I saw no obvious security measures. My wife checked early in while I sat in the car so I never showed anyone my ID. Later when we checked the car and then even later when we boarded, no one asked me for ID. Our carry ons were never screened. This was true at both Sanford and Lorton. Prior to departure at both stations anyone had free run of the entire boarding platform. There was even a seemingly unattended yard switcher parked one track over from the platform. I cannot remember if it was idling but it was readily accessibly for anyone to board it. That does not mean there was not video surveillance but nothing was obvious.


----------



## Ryan (Aug 2, 2011)

Barry said:


> I also read somewhere that freight has the priority (understandably).


Wherever you read that was mistaken.


----------



## Barry (Aug 2, 2011)

Ryan said:


> Barry said:
> 
> 
> > I also read somewhere that freight has the priority (understandably).
> ...


Ryan, thanks for clarifying that. I guess it really is first come first served when only a single track is available.

I hope you do not mind a question:

With respect to HEP, what is the typical Auto Train load? I suspect it would be heaviest prior to dark with the highest A/C heat load and the galleys preparing meals. Each of the two Genesis P40's appears to have a HEP capacity of 800 KW but I doubt the max load is anything close to this high. I am curious because 800 KW at 480 V 3 Phase is just under 1000 amps and that is a lot of current to deal with. It would take three 500 mcm cables per phase to handle this much current. The jumpers and associated connectors between cars did not appear to have anything close to this capacity. In other words, there seems to be much more HEP capacity available than there is ability to distribute it, at least through the first cars behind the engine. (I am an EE and manage Electrical Maintenance at a large Nuclear Plant, ergo my interest in power distribution).

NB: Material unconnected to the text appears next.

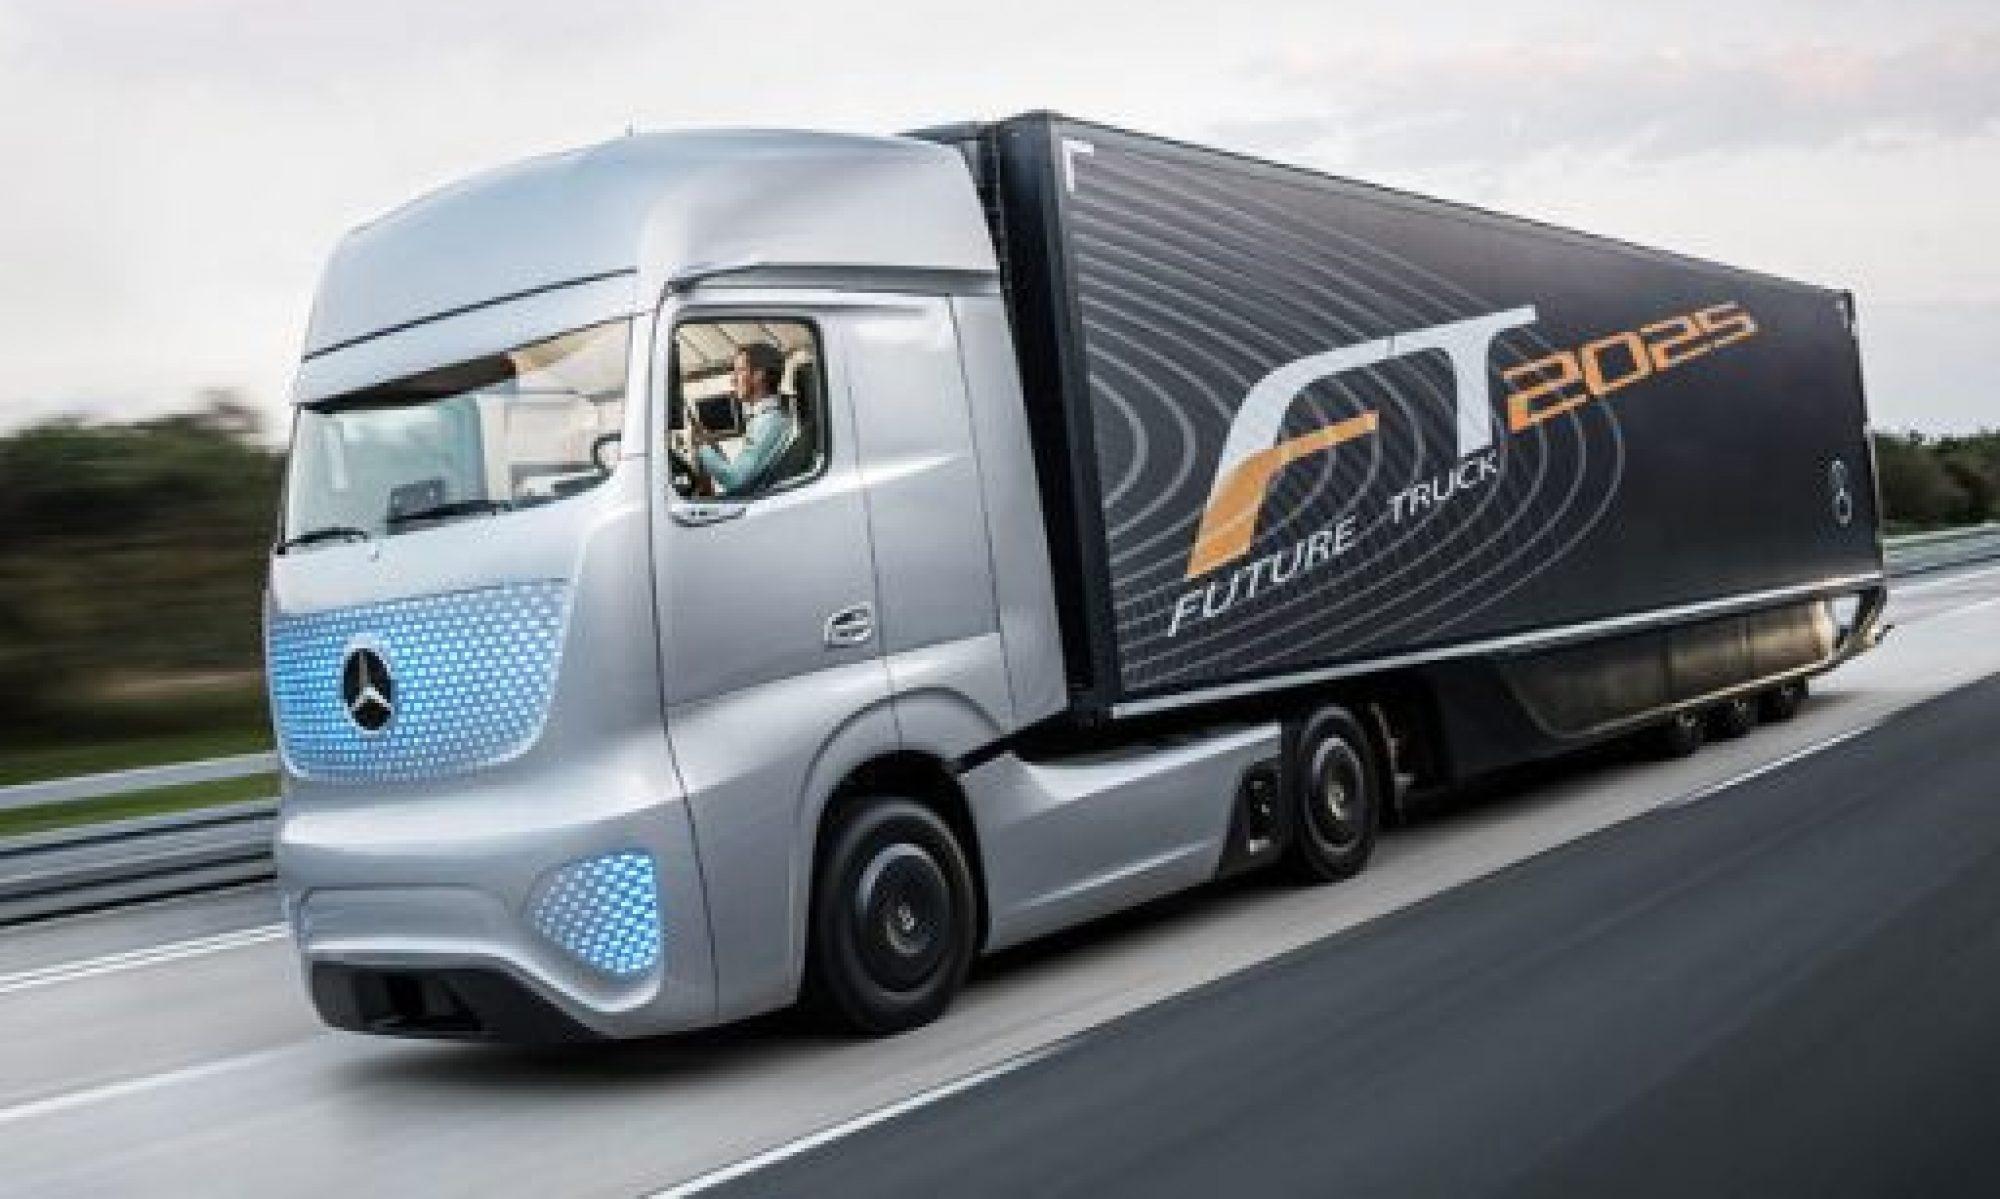 cropped-cropped-01-Mercedes-Benz-Autonomous-Truck-Logistic-Future-Truck-2025-1180x6862-1180x6861-1.jpg

Thanks for responding. I know very little about RR technology but find it hard not to be curious about it. I actually have numerous other questions about signaling, routing (who sets the switches so the train takes the correct path - this must take enormous coordination by someone considering the large number of trains all going to different locations), engine control and operation, etc. In any case, now that I have taken a train trip, and my interest has been stirred, I guess I have a lot of interesting research to do.


----------



## AlanB (Aug 2, 2011)

Barry said:


> With respect to HEP, what is the typical Auto Train load? I suspect it would be heaviest prior to dark with the highest A/C heat load and the galleys preparing meals. Each of the two Genesis P40's appears to have a HEP capacity of 800 KW but I doubt the max load is anything close to this high. I am curious because 800 KW at 480 V 3 Phase is just under 1000 amps and that is a lot of current to deal with. It would take three 500 mcm cables per phase to handle this much current. The jumpers and associated connectors between cars did not appear to have anything close to this capacity. In other words, there seems to be much more HEP capacity available than there is ability to distribute it, at least through the first cars behind the engine. (I am an EE and manage Electrical Maintenance at a large Nuclear Plant, ergo my interest in power distribution).
> 
> Thanks for responding. I know very little about RR technology but find it hard not to be curious about it. I actually have numerous other questions about signaling, routing (who sets the switches so the train takes the correct path - this must take enormous coordination by someone considering the large number of trains all going to different locations), engine control and operation, etc. In any case, now that I have taken a train trip, and my interest has been stirred, I guess I have a lot of interesting research to do.


Barry,

While I'm not Ryan, I can help a bit. Amtrak cannot run the two engines in series if you will. Therefore they can only provide HEP from one of the two engines at any given time.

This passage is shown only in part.